AT&T (NYSE: T) this week is implementing the usage based billing (UBB) rules for its DSL and U-verse broadband customers it previously announced in March. Starting today, existing DSL service customers will get a 150 GB allowance, while U-verse subscribers have a 250 GB cap on services.
As has been the argument by other large broadband providers such as Frontier (NYSE: FTR), Bell Canada (NYSE: BCE) and, most recently, Telus (Toronto: T.TO), the caps will affect only about 2 percent of their customer base.
"Customers strongly believe that only those who use the most bandwidth should pay more. That's exactly what this does," Kuriko Hasegawa, a spokeswoman for AT&T, told the American-Statesman, adding that "98 percent of our customers will NOT be impacted by this."
However, Phillip Dampier, leader of consumer watchdog group Stop the Cap believes that AT&T's move is nothing more than a means to protect its U-verse revenue from over the top (OTT) online video services like Netflix (Nasdaq: NFLX) and Hulu.

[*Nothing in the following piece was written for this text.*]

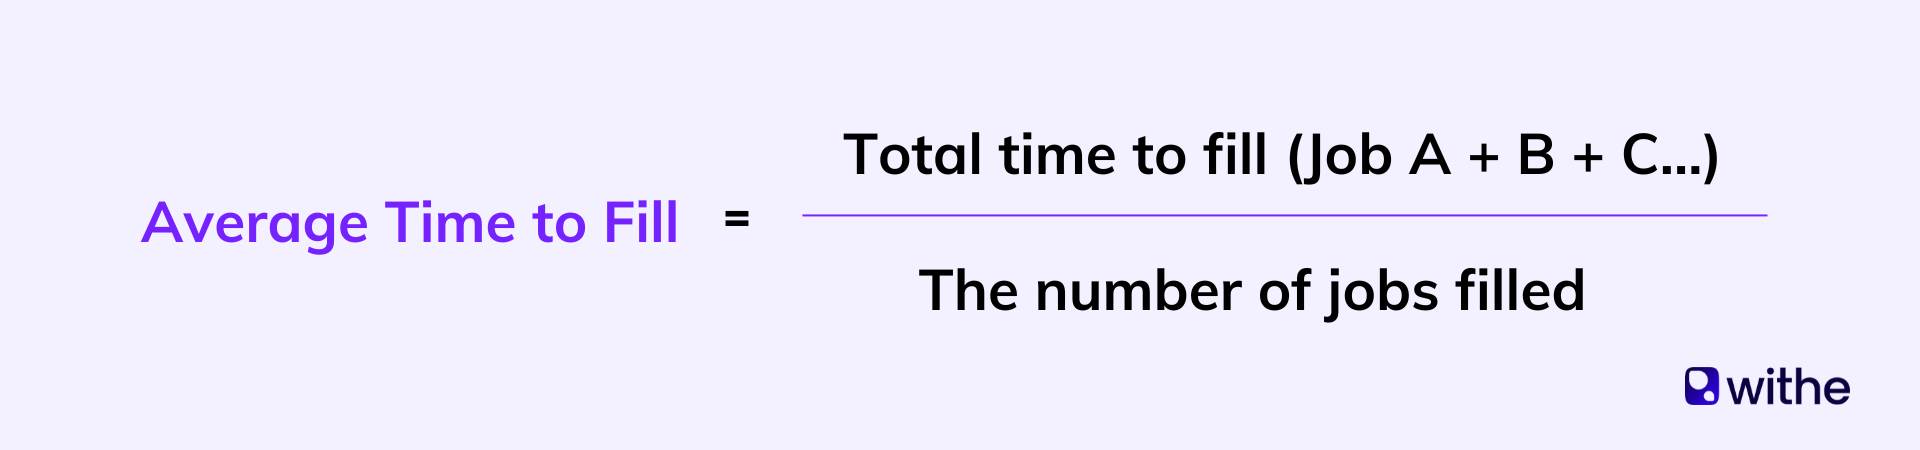 How to calculate average time to fill

"AT&T likes to claim these caps will only impact a tiny percentage of their customers. If true, why impose them at all?" Dampier asked.
At the same time, a number of users in Broadband DSL Reports AT&T forum report that there are various inaccuracies on how the telco measures bandwidth consumption. Concerns over metering accuracy will likely grow even larger as people become affected by the rules.